● **DATA RECORDS**:

⁂

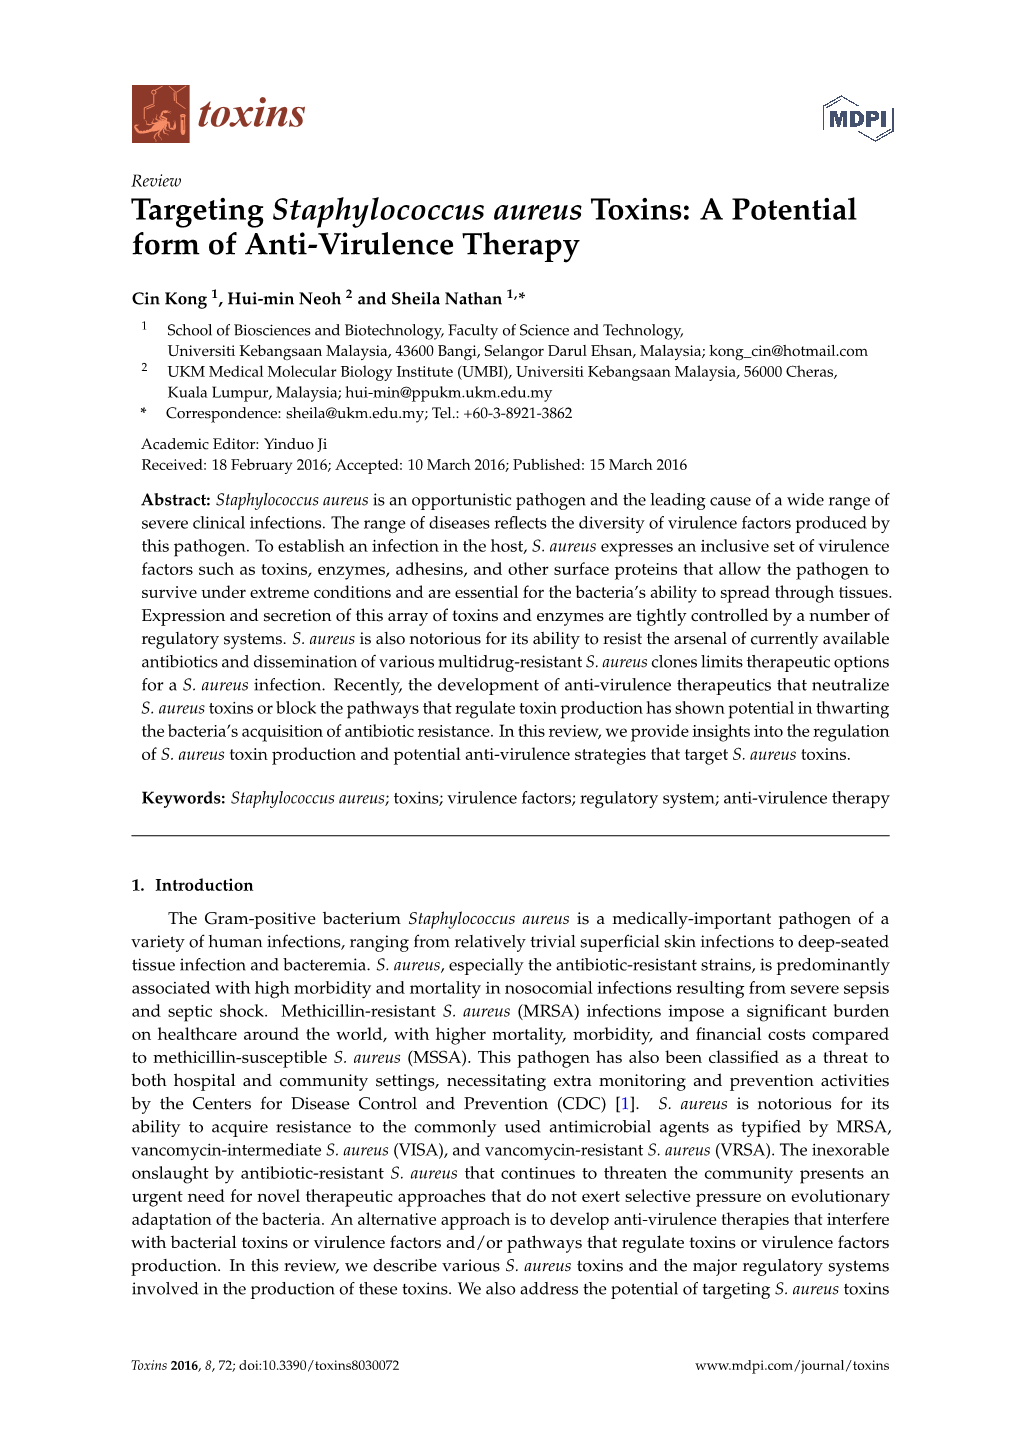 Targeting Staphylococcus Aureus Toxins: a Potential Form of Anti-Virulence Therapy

⁂

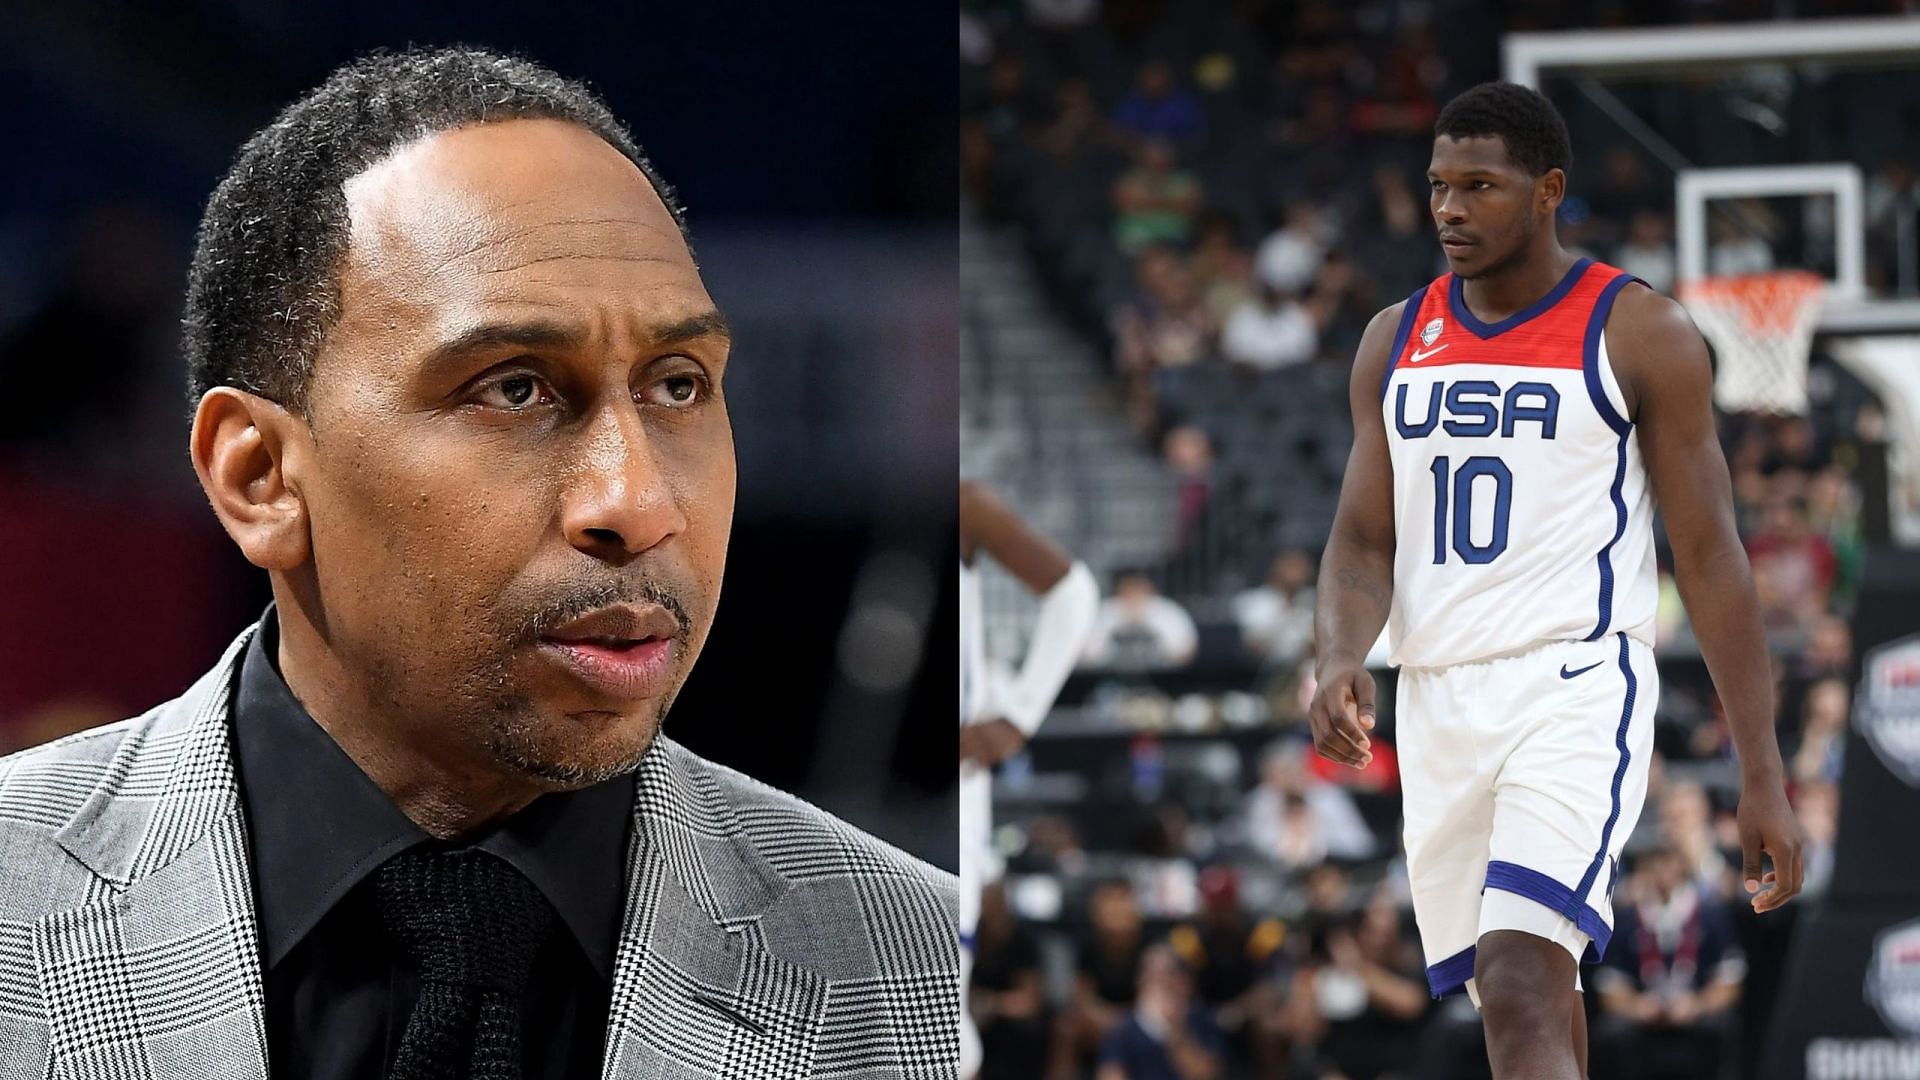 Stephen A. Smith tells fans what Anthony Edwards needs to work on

⁂

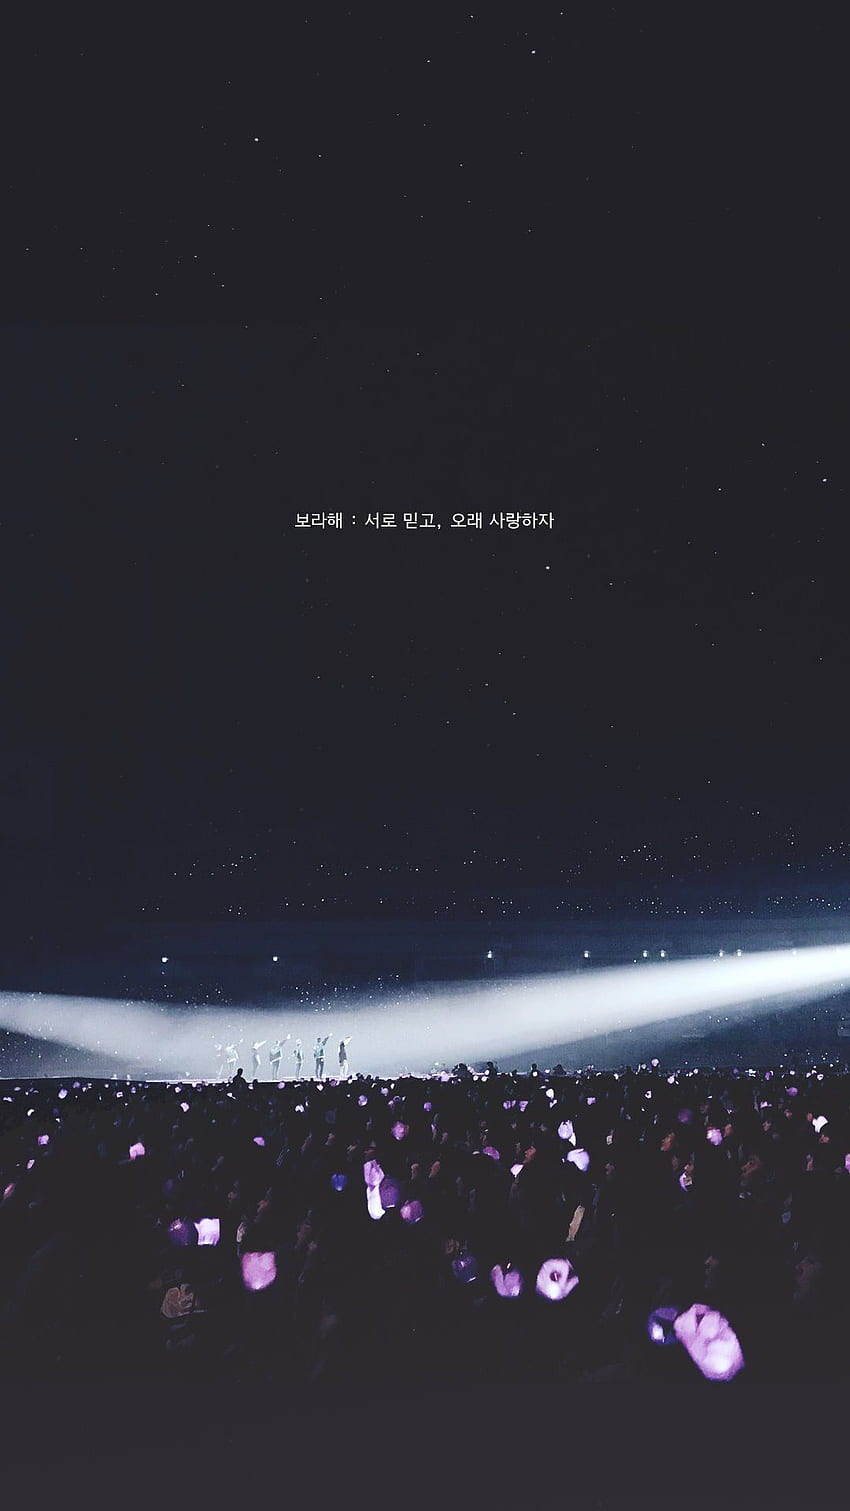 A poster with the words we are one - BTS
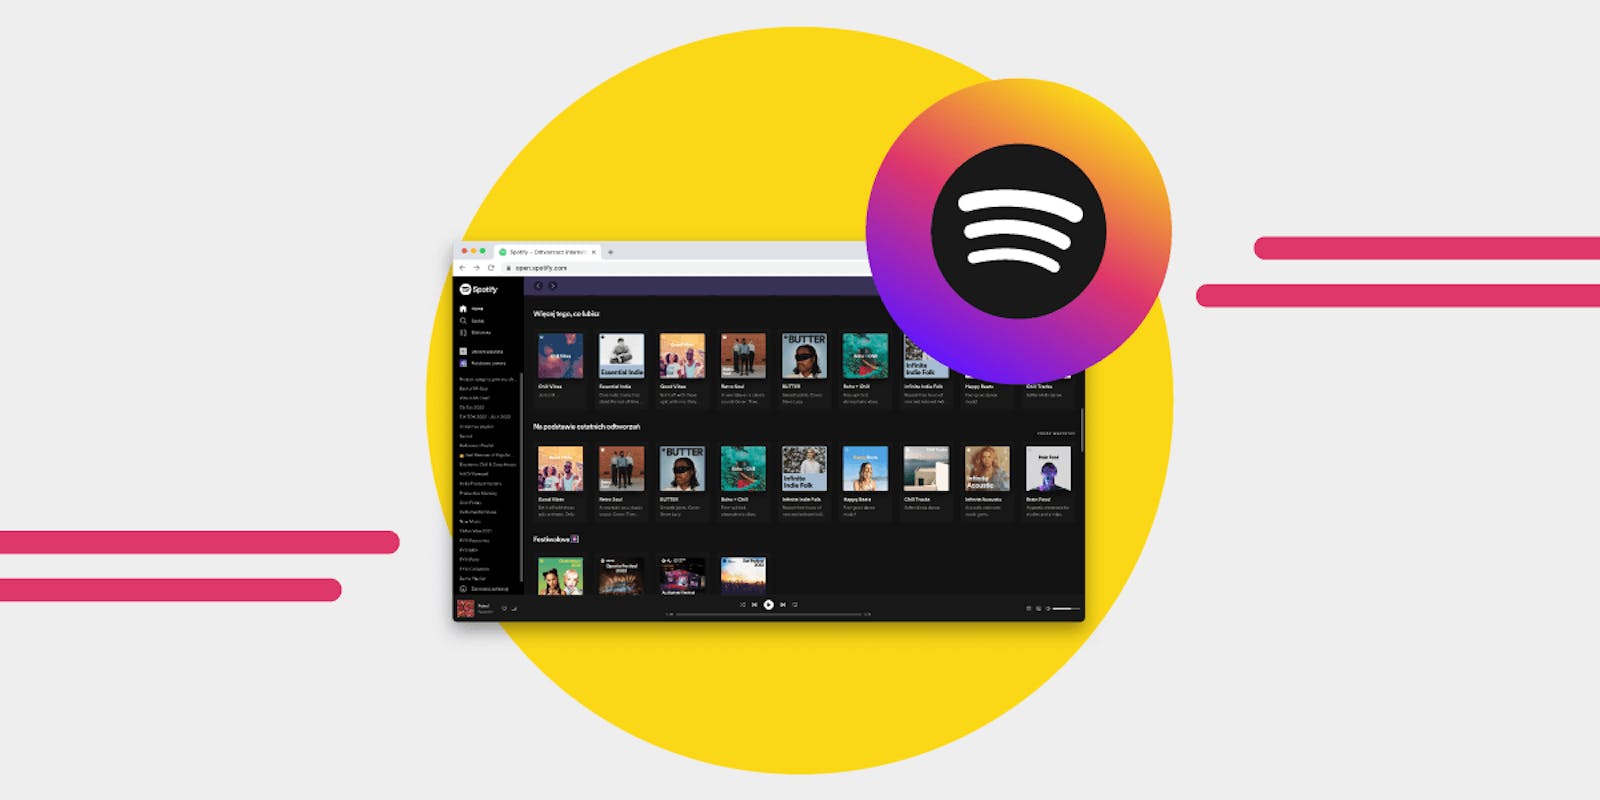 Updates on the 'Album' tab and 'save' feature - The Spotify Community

⁂

● **DESCRIPTION OF THE TASK**:
Starting from the line with "A poster with the words we are one - BTS" in the records above, repeat each line exactly until you have written the line with "Updates on the", then stop; drop the pictures.

● **RESPONSE TO THIS TASK**:
 A poster with the words we are one - BTS
 Updates on the 'Album' tab and 'save' feature - The Spotify Community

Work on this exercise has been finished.